Learning Deep Learning — MNIST with FastAI (Part 2)

9 min readJun 6, 2021

In this series of posts my goal is to document and illustrate my journey as I learn the art and science of “deep learning”. I know these posts will be useful to myself as I look back and reflect on how far I’ve come, and I hope they can be great starting points for others as well.

In Part 1 I set the stage and we looked at solving a subset of the full MNIST problem (just dealing with two numbers, 3’s and 7's).
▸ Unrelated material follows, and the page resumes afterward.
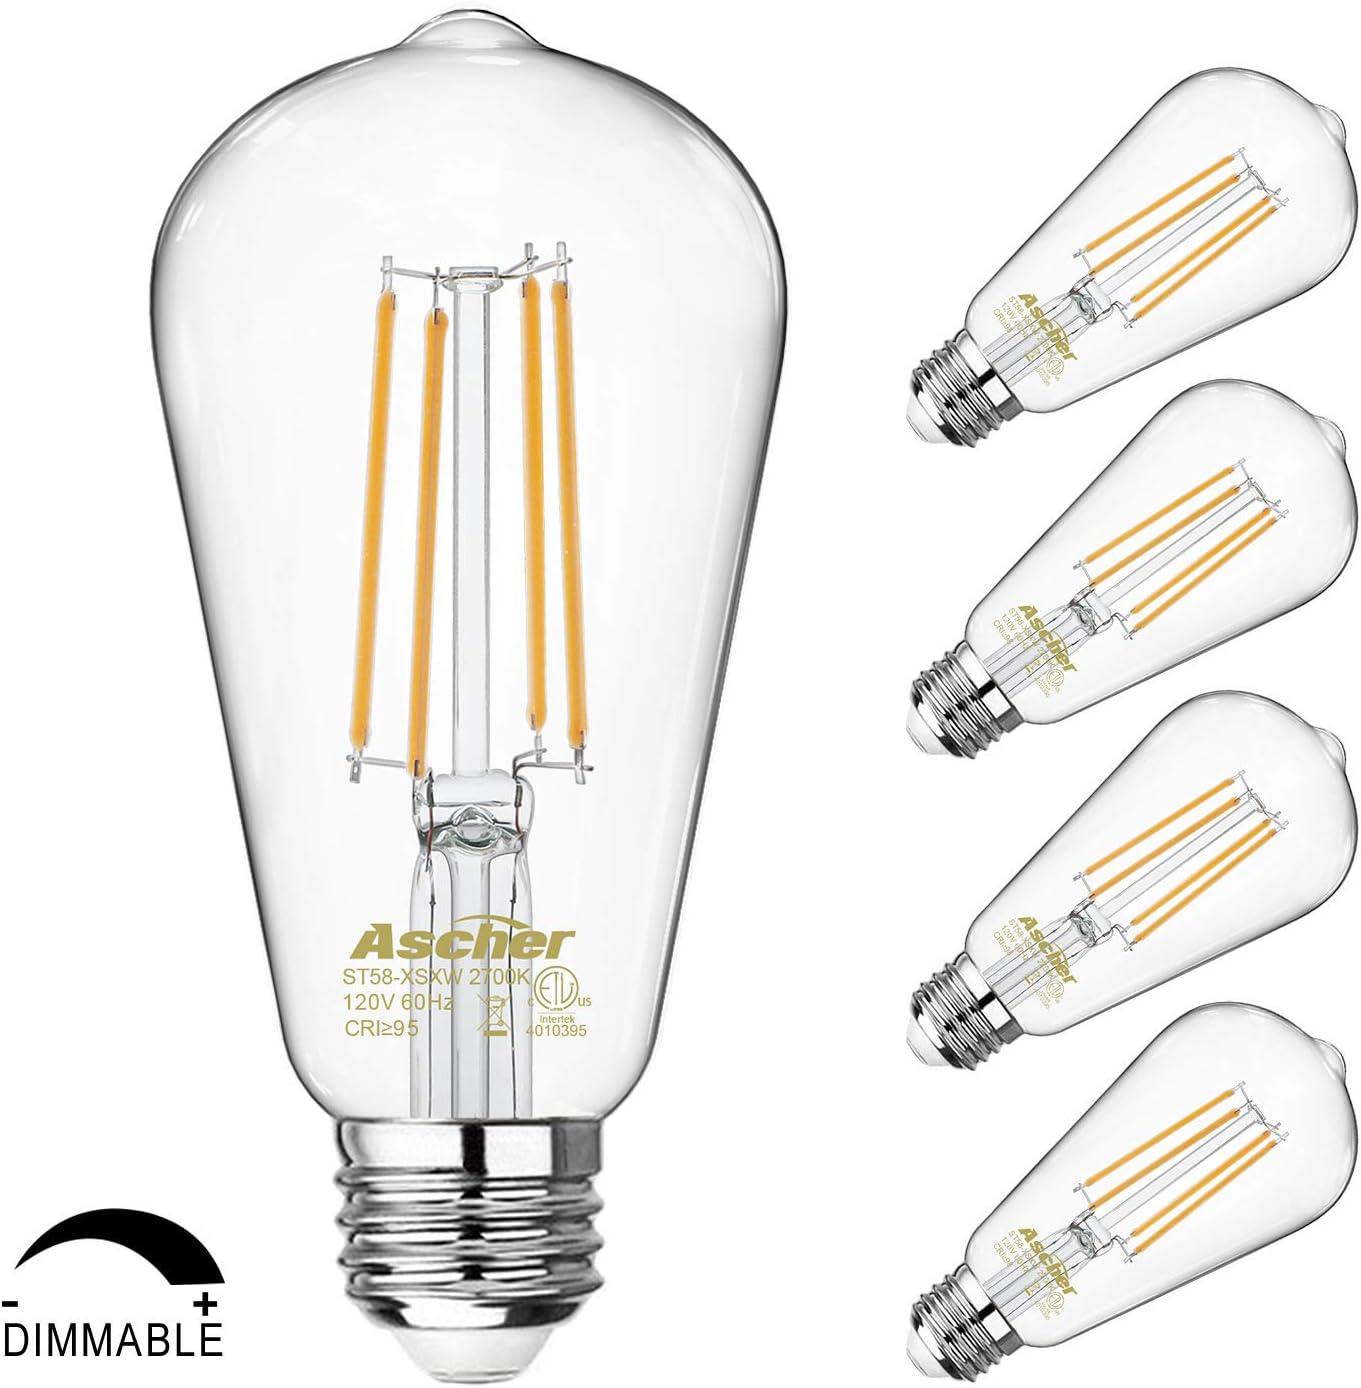 Dimmable Vintage LED Edison Bulbs 60 Watt Equivalent, Eye Protection Led Bulb with 95+ CRI, Warm White 2700K, ST58 Antique LED Filament Bulbs, E26 Medium Base, Pack of 4

Here in Part 2 we’ll take what we learned and apply it to build the full 10-digit MNIST classifier.

Let’s get to it!

Setup and Data

If you’re here without reading Part 1, that’s OK, but if you have questions about setup it might be good to peak back there. I’m going to jump right into it this time around.

# Notebook setup
!pip install -q fastbook
import fastbook
fastbook.setup_book()from fastai.vision.all import *
from fastbook import *# Set the default image color map to grayscale
matplotlib.rc('image', cmap='Greys')# Download the dataset
path = untar_data(URLs.MNIST)
Path.BASE_PATH = path
path.ls()
OUTPUT:[Path('testing'), Path('training')]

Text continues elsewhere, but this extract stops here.